Excerpts from a dataset:

○ ○ ○ ○

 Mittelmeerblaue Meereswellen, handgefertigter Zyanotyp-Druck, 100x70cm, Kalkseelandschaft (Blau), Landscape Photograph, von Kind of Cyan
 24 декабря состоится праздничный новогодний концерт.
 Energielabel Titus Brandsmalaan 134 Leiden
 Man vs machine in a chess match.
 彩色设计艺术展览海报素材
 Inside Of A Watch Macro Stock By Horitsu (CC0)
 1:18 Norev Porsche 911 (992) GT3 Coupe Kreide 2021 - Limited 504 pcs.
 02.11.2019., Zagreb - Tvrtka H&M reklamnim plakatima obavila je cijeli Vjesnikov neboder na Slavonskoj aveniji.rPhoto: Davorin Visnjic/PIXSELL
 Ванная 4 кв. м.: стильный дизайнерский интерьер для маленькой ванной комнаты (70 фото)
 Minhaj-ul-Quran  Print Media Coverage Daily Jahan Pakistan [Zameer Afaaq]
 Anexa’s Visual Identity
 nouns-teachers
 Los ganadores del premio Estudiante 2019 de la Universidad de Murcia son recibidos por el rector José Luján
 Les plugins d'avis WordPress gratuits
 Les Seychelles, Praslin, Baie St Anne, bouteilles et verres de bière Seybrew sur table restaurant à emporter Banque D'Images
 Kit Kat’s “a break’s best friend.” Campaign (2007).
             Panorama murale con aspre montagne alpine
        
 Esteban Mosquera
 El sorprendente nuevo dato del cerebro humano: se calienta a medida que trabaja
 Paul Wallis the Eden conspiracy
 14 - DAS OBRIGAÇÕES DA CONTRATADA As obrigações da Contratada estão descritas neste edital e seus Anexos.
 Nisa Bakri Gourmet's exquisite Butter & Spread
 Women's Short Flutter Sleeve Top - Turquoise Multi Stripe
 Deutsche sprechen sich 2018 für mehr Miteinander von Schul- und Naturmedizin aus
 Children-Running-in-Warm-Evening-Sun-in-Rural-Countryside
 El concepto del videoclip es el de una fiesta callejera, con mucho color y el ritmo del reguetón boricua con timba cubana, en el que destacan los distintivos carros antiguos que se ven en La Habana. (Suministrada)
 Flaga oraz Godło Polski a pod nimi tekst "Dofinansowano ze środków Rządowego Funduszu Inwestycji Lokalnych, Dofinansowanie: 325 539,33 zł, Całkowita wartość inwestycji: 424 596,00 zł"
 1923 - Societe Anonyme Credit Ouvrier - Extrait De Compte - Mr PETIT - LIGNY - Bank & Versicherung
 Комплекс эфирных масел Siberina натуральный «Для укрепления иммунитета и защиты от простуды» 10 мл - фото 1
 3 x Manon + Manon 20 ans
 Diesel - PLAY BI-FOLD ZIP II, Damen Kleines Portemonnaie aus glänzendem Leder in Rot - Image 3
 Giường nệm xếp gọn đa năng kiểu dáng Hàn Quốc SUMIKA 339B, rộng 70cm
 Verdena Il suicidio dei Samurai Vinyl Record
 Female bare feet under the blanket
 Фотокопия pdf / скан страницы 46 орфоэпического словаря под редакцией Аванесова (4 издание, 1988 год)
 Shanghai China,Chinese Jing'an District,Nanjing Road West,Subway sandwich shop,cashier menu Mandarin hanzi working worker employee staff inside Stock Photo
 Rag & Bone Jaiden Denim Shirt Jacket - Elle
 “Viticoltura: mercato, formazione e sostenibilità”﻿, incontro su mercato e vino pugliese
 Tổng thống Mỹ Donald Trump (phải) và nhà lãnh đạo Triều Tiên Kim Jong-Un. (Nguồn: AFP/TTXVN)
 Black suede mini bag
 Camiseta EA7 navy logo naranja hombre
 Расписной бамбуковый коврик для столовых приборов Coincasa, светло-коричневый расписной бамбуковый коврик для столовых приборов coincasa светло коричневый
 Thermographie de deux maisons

○ ○ ○ ○

EXERCISE OBJECTIVE:
When a line among the entries above contains "Stock", copy it.

SOLUTION FOR THIS EXERCISE:
 Inside Of A Watch Macro Stock By Horitsu (CC0)
 Shanghai China,Chinese Jing'an District,Nanjing Road West,Subway sandwich shop,cashier menu Mandarin hanzi working worker employee staff inside Stock Photo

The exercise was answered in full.